Much has been published in the past two weeks about Romney’s inability or calculated unwillingness to be genuine or forthcoming about his life story, from his sealed lips surrounding his core religious values to his damaging instinct to be that which others wish of him. The result is an “excitement deficit” for his candidacy.
I’ll not soon forget the scene in a Colorado Springs high school classroom on the night of the Colorado caucus, when voters were asked to to speak on behalf of their preferred candidate. The precinct captain invited supporters of Mitt Romney to stand and address the room. No one stirred. Not one. There was no sign of support, let alone excitement.
And no wonder.
How can you get excited about someone you don’t know?
People can’t, and the numbers bear this out.
To start, let’s look at the results of Republican caucuses, which tend to draw the most enthusiastic members of a party. In the five states that have caucused so far this year, Romney’s total number of votes in 2012 decreased from his votes in 2008, even though he is the frontrunner this year. In Nevada, Colorado, Minnesota, and Maine, Romney saw a decrease in voter support of between roughly 22 – 69% from his numbers in the 2008 primaries. Yes, Romney held on to his win in Maine (unlike the embarrassment of Iowa), but given that his Maine vote total is far less than the total he won in 2008, it’s a less-than-overwhelming victory.
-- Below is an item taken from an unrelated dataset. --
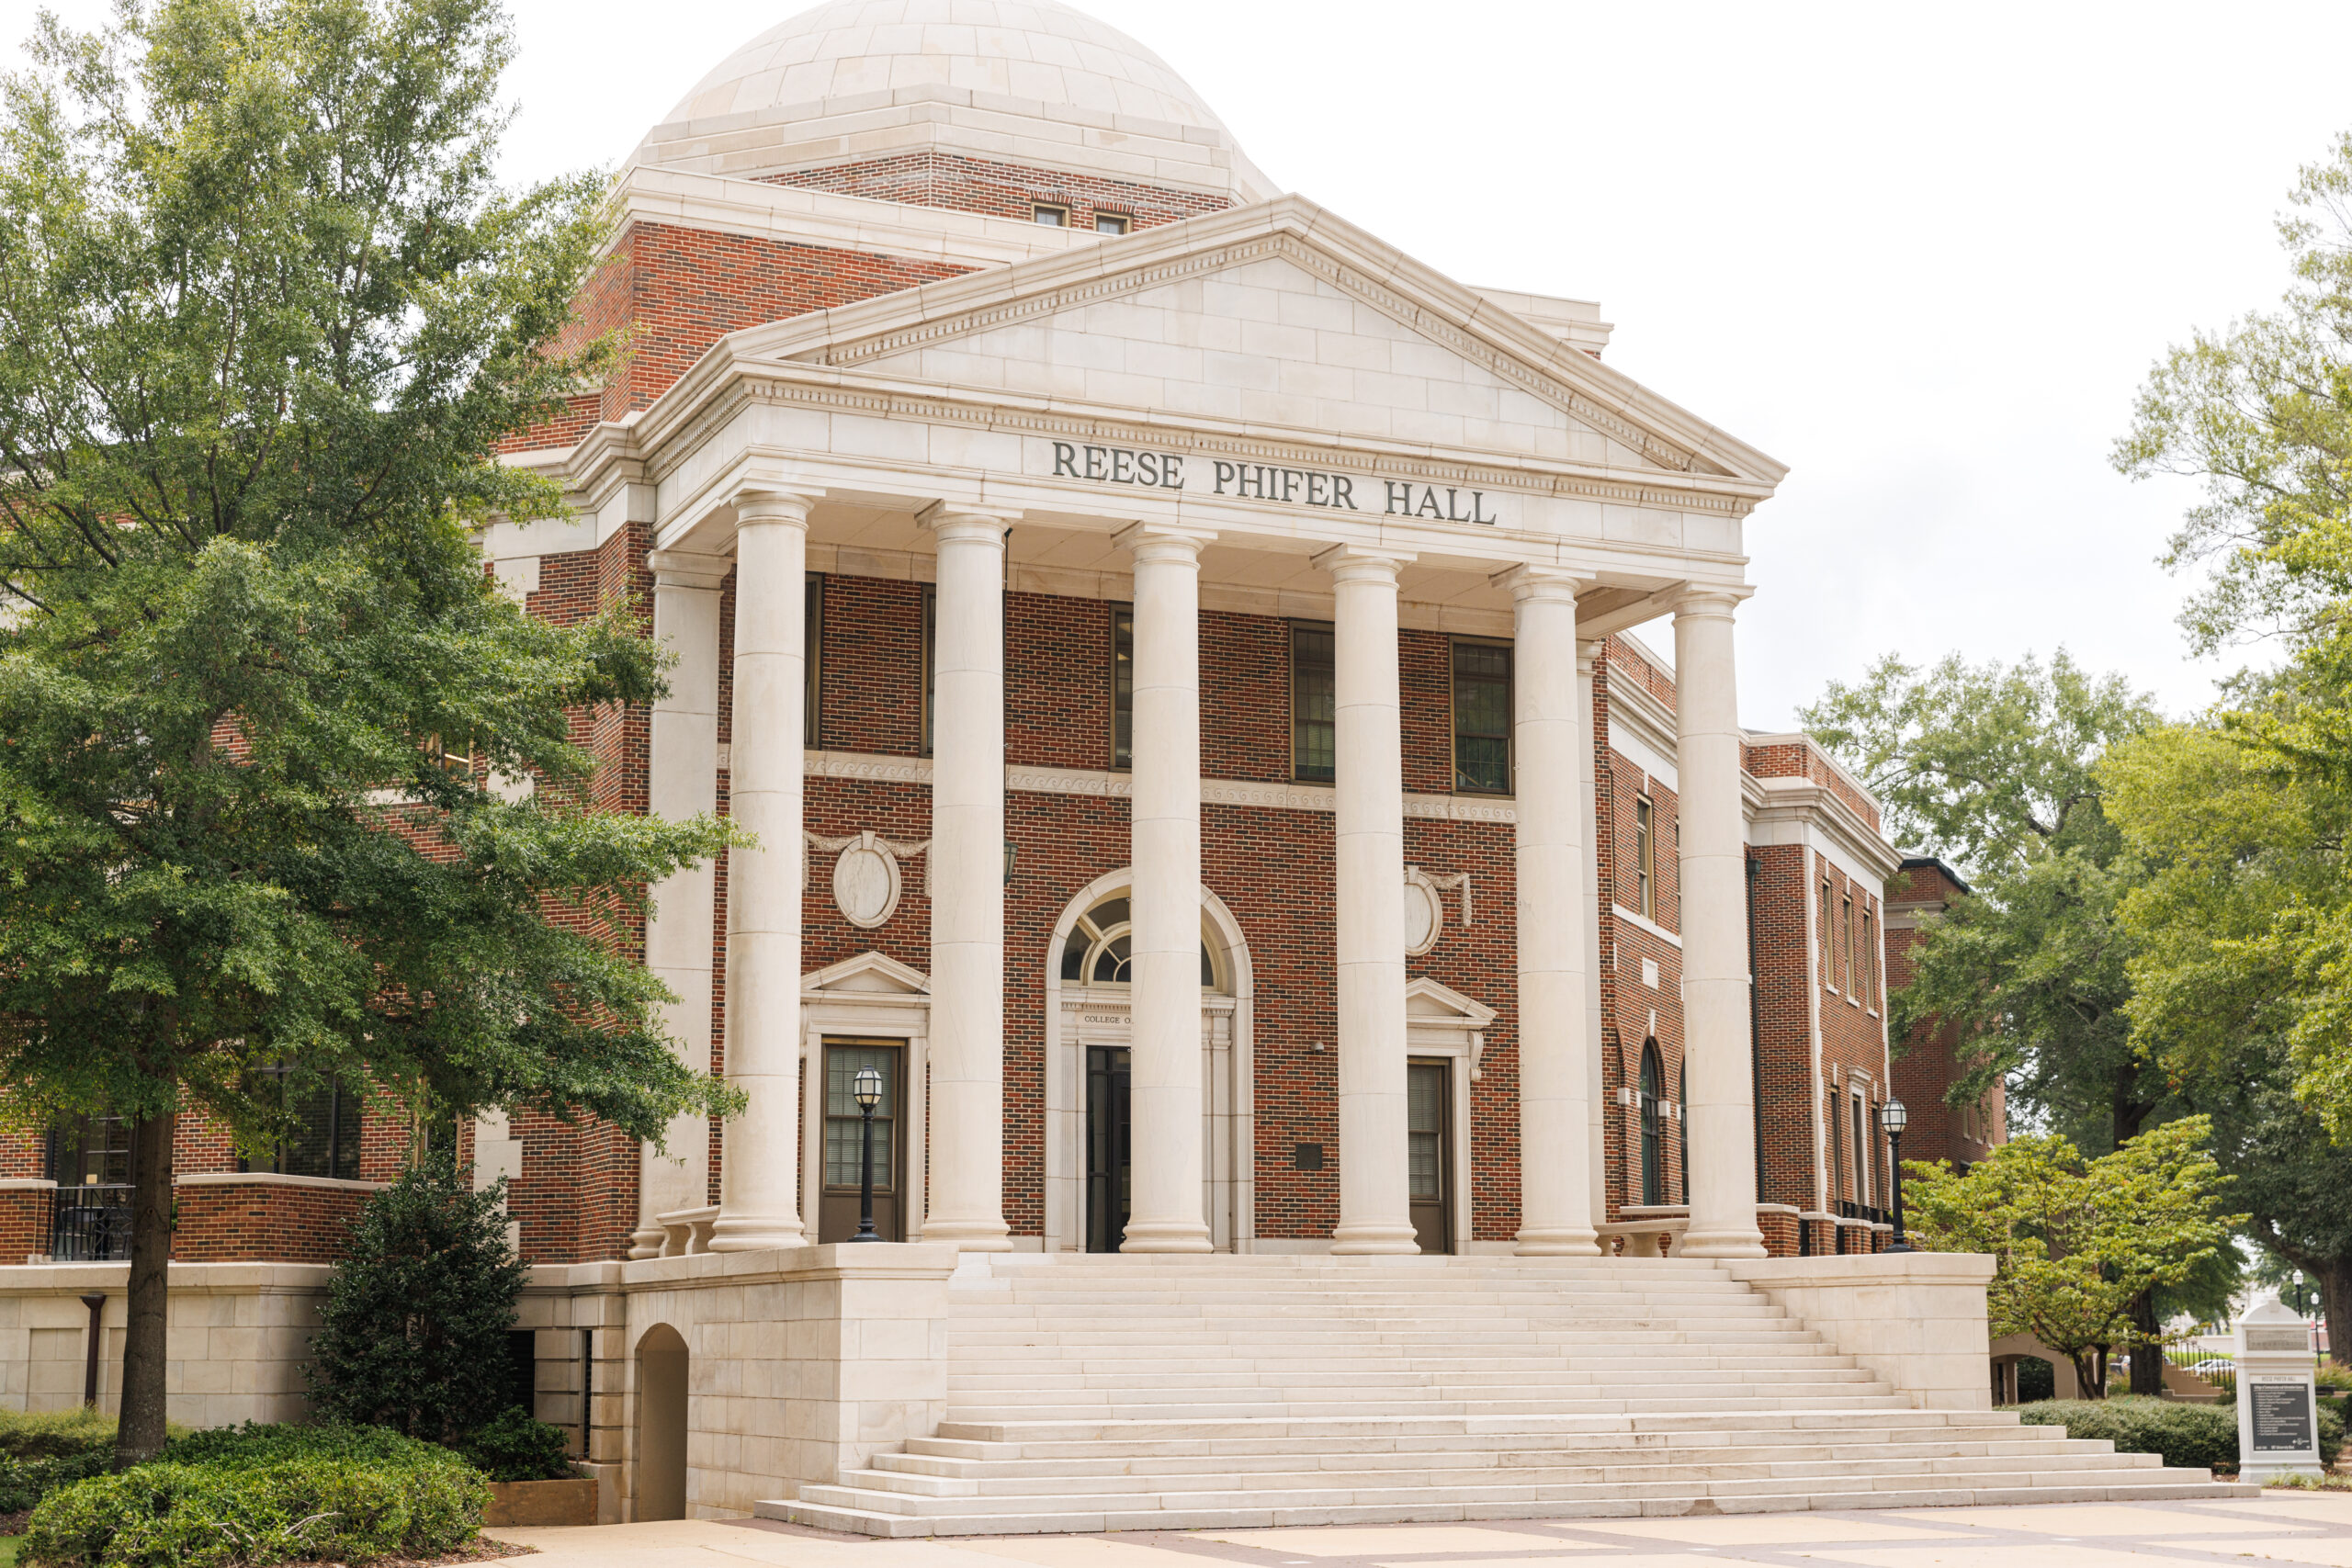 The front of Reese Phifer Hall at The University of Alabama

Furthermore, according to Talking Points Memo Polltracker, starting January 12 — just after the GOP primary had begun in earnest — Romney’s favorable/unfavorable ratings have diverged wildly, with as of February 14 an unfavorable rating of nearly 50%, and a favorable rating of 30%, down from a high in early January of almost 44%.
So why the nose dive?
If voters don’t feel they know you, they don’t trust you. Remember, we want a President who makes for good company over a few cold beers.
So far, Romney has been clumsy as he stumps for votes, gaining a reputation for sometimes awkward banter contrasted with a short fuse that was on display when he interviewed with FOX news anchor Bret Baier. But Romney is between a rock and a hard place. There are threads to his life story that don’t play as well to the GOP base: a father born in Mexico, his time in France, a former governor of one of the bluest states in the nation. That said, attempts to distance himself from these parts of his identity ultimately just fuel the perception of cipher or his insincerity.
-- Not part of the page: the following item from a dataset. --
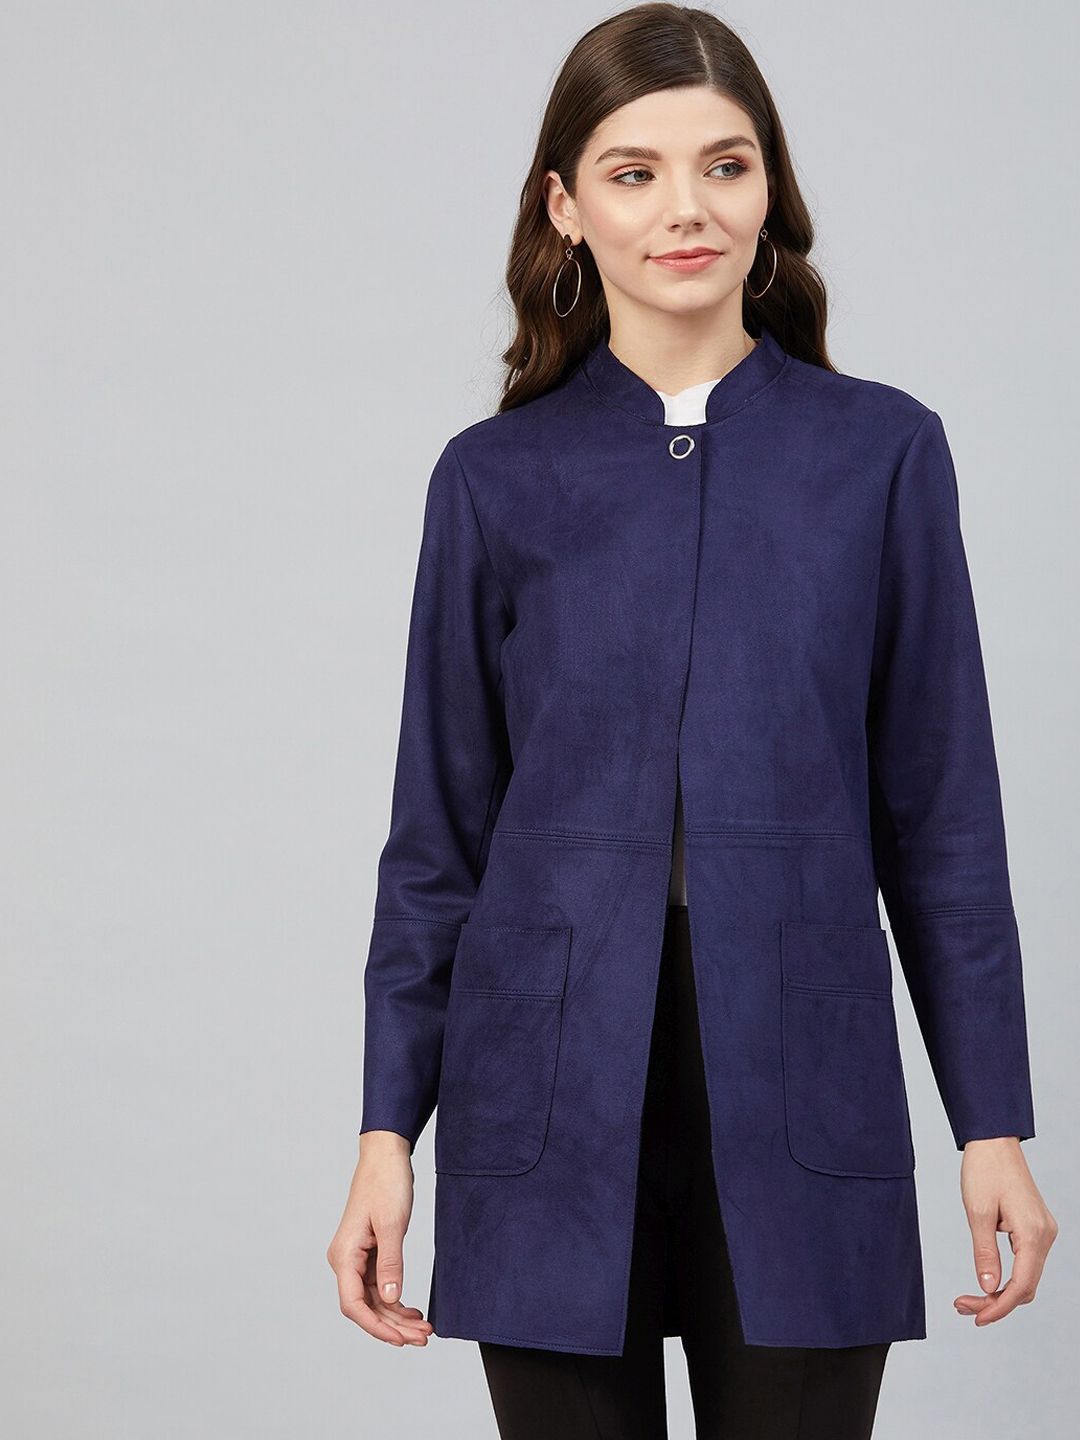 Carlton London Women Blue Solid Tailored Jacket Price in India

But more than sociability, voters want to know where candidates stand, and what they stand for. Romney has faced a skeptical Republican base who question his conservative credentials and his plans for the highest office of the land. Add this to the fact that compared to the unabashed, going-down-with-the-ship “what you see is what you get” that Rick Santorum, Ron Paul, and Newt Gingrich espouse and back up with track records, Romney struggles by comparison.
Finally, take a look at this video of Mitt Romney from the time of the 2004 presidential campaign, when he was governor of Massachusetts and John Kerry was the Democratic Party nominee. Pay special attention at the 1:47 mark.
Hear this line?
“He is very conflicted and drawn in two very different directions,” Romney says about Kerry, “He is with an audience that he wants to identify with, to satisfy that audience, so he says what they want to hear.”
Fast forward eight years and Romney could easily be describing himself.
Leadership guru and author Stephen Covey — an influential Church of Jesus Christ of Latter-day Saints figure like Romney– coined the concept of “true north” in his book, The 7 Habits of Highly Effective People. The term refers to core values and convictions that help guide an individual on their leadership journey. An internal compass, if you will.
Right now, Romney is charting a course that is less steered by his essential beliefs, and is instead sadly far too much under the influence of others. In trying to please a spectrum of GOP faithful, he has diminished his image of a strong sense of self, perhaps irreparably.
Over 40 years ago, when Romney was a rising star undergraduate at Brigham Young University, he invited Covey, also just at the onset of his career, to address a fundraising club he had joined on campus. The club raised $100,000 for BYU in twelve months. He’d do well to dust off his copy of Covey’s runaway bestseller — I’d bet a bundle of delegates he’s got a signed dog-eared copy — and right his ship.
Time to be yourself, Mitt. Everyone else is taken.
David Domke contributed to this report.